Original article was published by SHAIK SAMEERUDDIN on Artificial Intelligence on Medium
Recommended For You:
Although supervised learning, from autonomous vehicles to voice assistants, has driven tremendous progress in AI over the past decade, it has significant limitations.
The method of marking thousands or millions of data points manually can be incredibly costly and cumbersome. A big bottleneck in AI has been the fact that humans have to mark data by hand before machine learning models can consume it.
Supervised learning reflects a small and circumscribed type of learning at a deeper stage. Instead of being able to explore and absorb all the latest data, relationships, and implications in a given dataset, supervised algorithms focus only on the concepts and categories identified in advance by researchers.
In comparison, unsupervised learning is an AI method in which algorithms learn from data without labels or guidance provided by humans.
In artificial intelligence, many AI leaders see unsupervised learning as the next great frontier. “UC Berkeley Professor Jitendra Malik put it even more colorfully:” Labels are the heroin of the machine learning researcher, “in the words of AI legend Yann LeCun:” The next AI revolution will not be overseen.
Unsupervised learning more closely mirrors the way people think about the world: without the need for “training wheels” in supervised learning, through open-ended experimentation and inference. One of its fundamental benefits is that much more unlabeled data will still be available in the world than branded data (and the former is much easier to come by).
In the words of LeCun, who prefers the closely related term “self-supervised learning”: “A portion of the input is used as a supervisory signal in self-supervised learning to estimate the remaining portion of the input …. More knowledge of the world’s structure can be acquired from self-supervised learning than from [other AI paradigms] since the data is infinite and the sum of fees can be acquired.”

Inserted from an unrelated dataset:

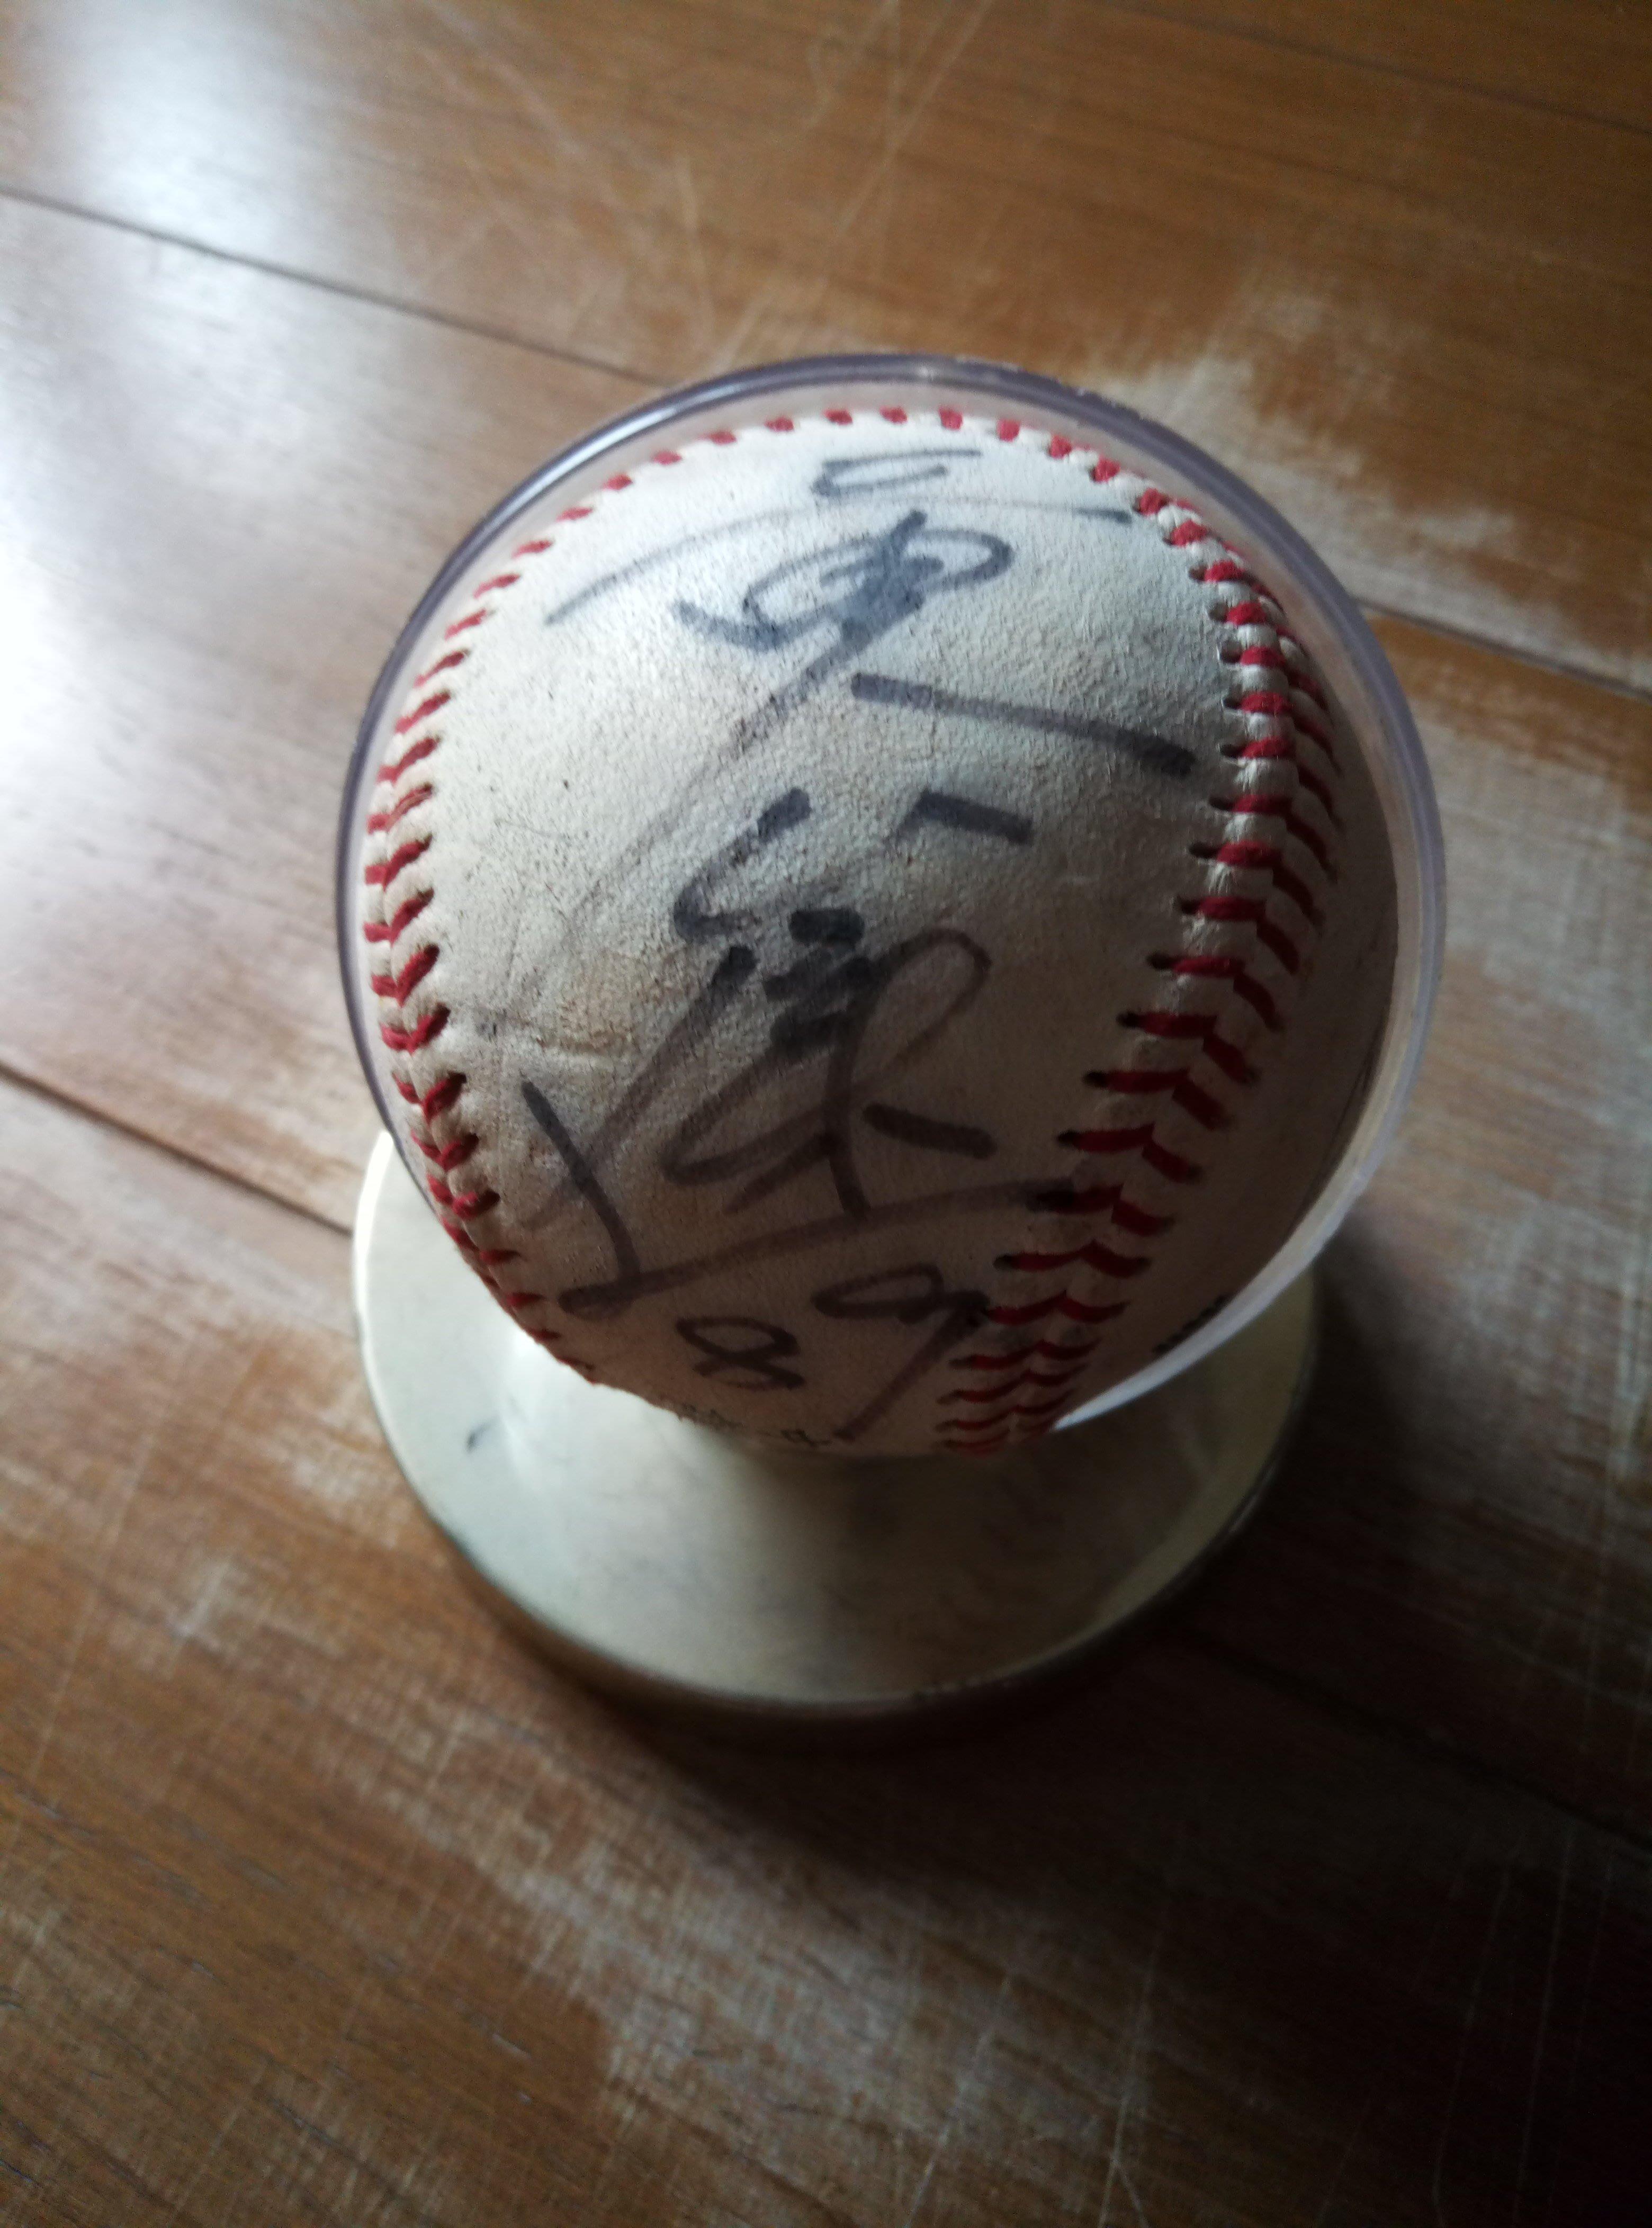 中華職棒時報鷹黃俊傑親筆簽名球-簽於華櫻中華棒協專用球含收藏球座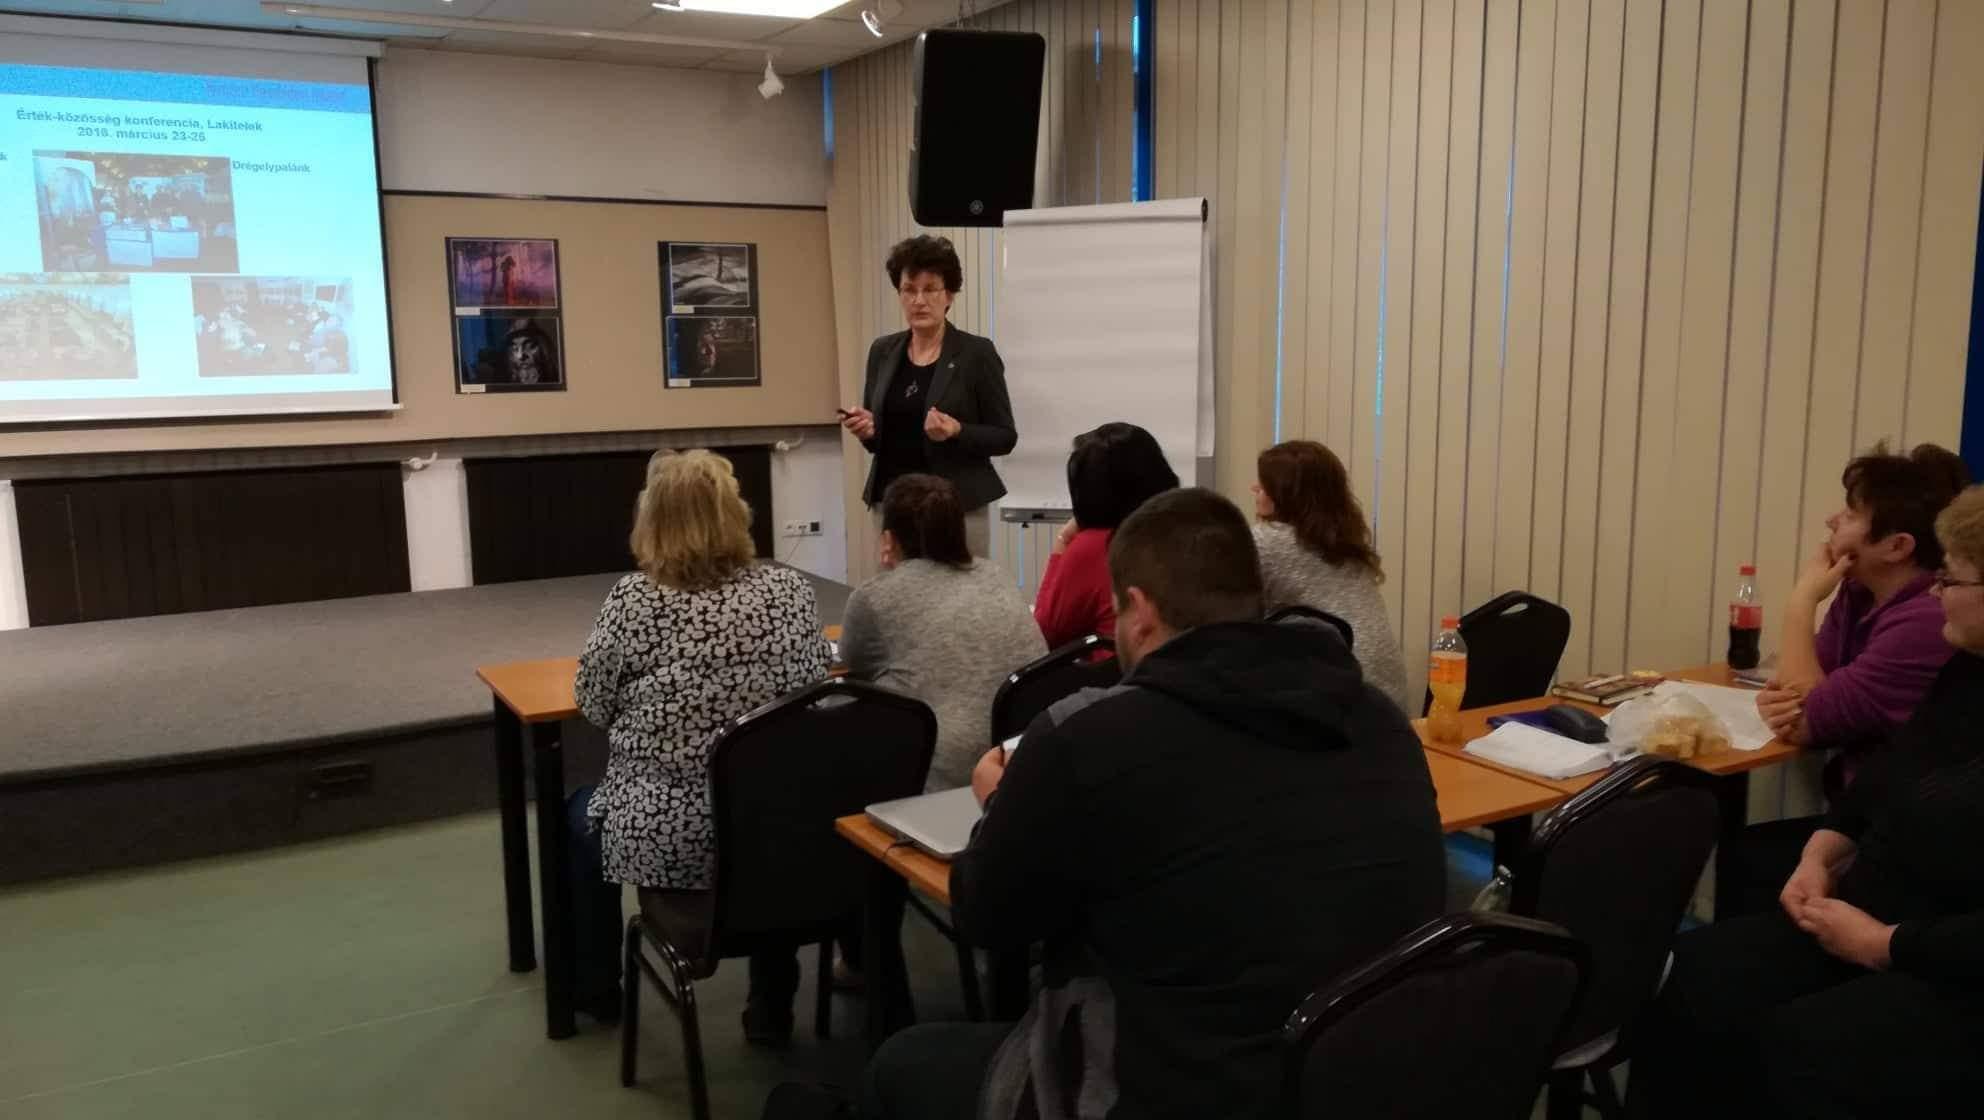 Útjára indult a közös szakmai tervezés és gondolkodás Nógrád Megyében

Unsupervised learning has also had a transformative effect on the production of natural languages. Thanks to a modern unsupervised learning framework known as the Transformer, which emerged about three years ago at Google, NLP has seen tremendous progress recently. (For more on Transformers, see # 3 below.)
At an earlier point, attempts to extend unsupervised learning to other areas of AI continue, but rapid progress is being made. To take one example, a company called Helm.ai aims to leapfrog the pioneers in the autonomous vehicle industry using unsupervised learning.
As the key to improving human-level AI, many researchers see unsupervised learning as the key. According to LeCun, “the biggest challenge of the next few years in ML and AI is mastering unsupervised learning.”
2. Federated Instruction
Data privacy is one of the overarching problems of the modern age. Since data is the lifeblood of modern artificial intelligence, problems with data privacy play an essential (and sometimes limiting) role in the trajectory of AI.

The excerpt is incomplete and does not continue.